In this paper, we presented an effective power grid reduction approach based on AMG principles. This method offers superior speed and accuracy tradeoffs for large-scale power grid analysis. The significant order of magnitude reduction in runtime and memory for AC and transient analyses for such large systems is instrumental to shortening the grid design and optimization process.

# 6. REFERENCES

- [1] W. L. Briggs. A Multigrid Tutorial, 1987.
- [2] J. Fang, Z. Chen, Y. Chen, D. Xue, and J. Zhao. Integrated Electromagnetic and Circuit Simulation for Signal Integrity Analysis of High-Speed Electronic Packages. In Proc. of 1997 Government Microcircuit Applications Conference, pages 347–350, Las Vegas, NV, March 1997.

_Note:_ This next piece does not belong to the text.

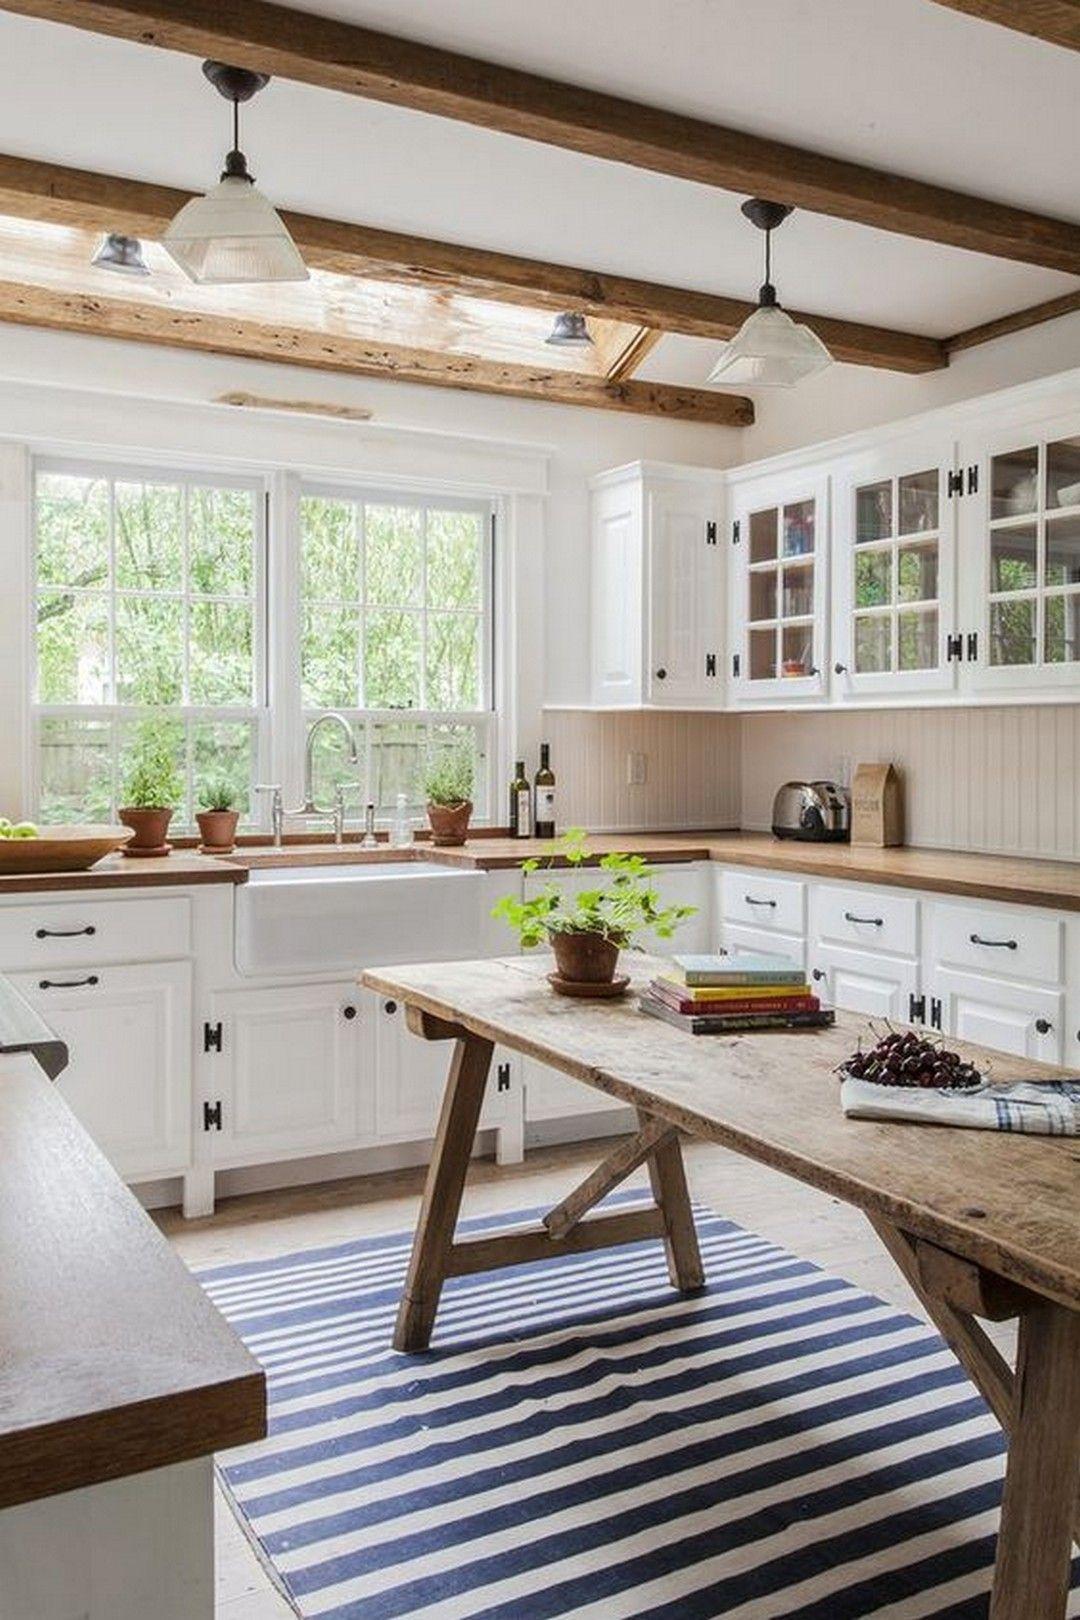 Modifying Your Kitchen With These Country Farmhouse Kitchen Designs Https Www Go Modern Farmhouse Kitchens Farmhouse Kitchen Design Country Kitchen Farmhouse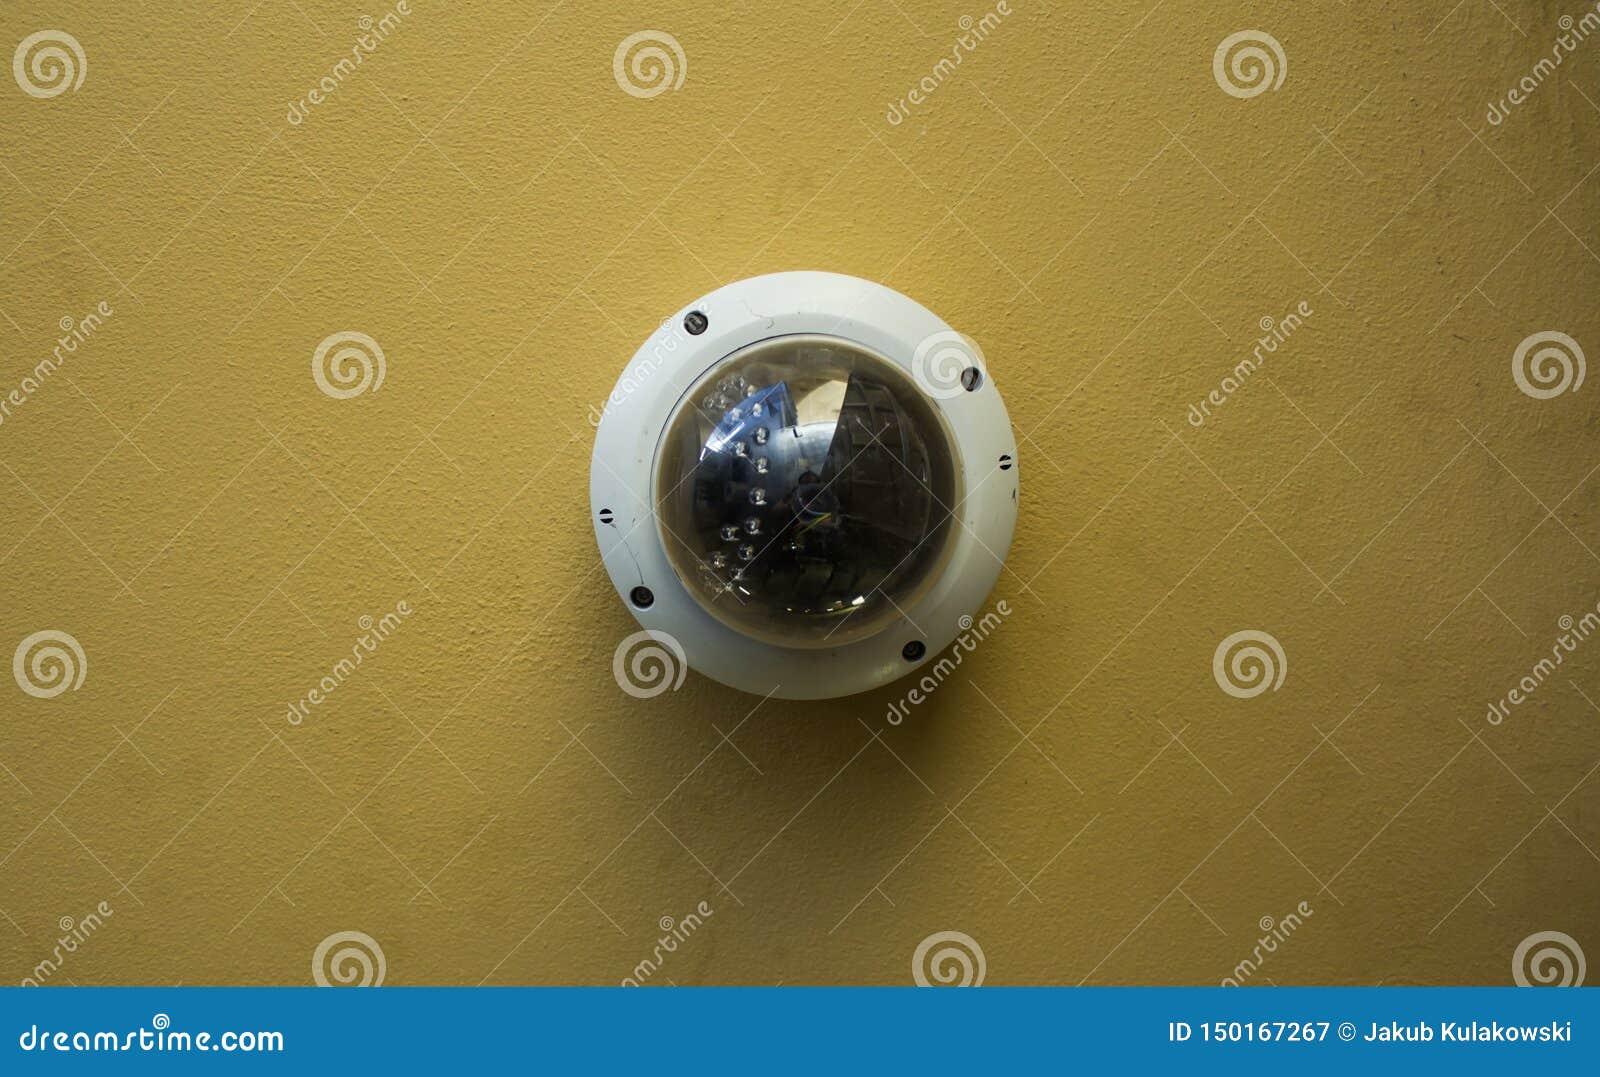 Videocamera di sicurezza rotonda moderna su un soffitto giallo

- [3] W. Hackbusch. Multi-Grid Methods and Applications. Springer-Verlag Berlin, Berlin, 1985.
- [4] J. N. Kozhaya, S. R. Nassif, and F. N. Najm. A Multigrid-Like Technique for Power Grid Analysis. *IEEE Trans. CAD*, October 2002.
- [5] S. R. Nassif and J. N. Kozhaya. Fast Power Grid Simulation. In *Proc. Design Automation Conference*, pages 156–161, Los Angeles, CA, June 2000.
- [6] L. T. Pillage, R. A. Rohrer, and C. Visweswariah. *Electronic and System Simulation Methods*. McGraw-Hill, New York, NY, 1995.
- [7] J. W. Ruge and K. Stuben. Handbook of Mathematics and Computational Science. S. McCormick, Ed., 1987.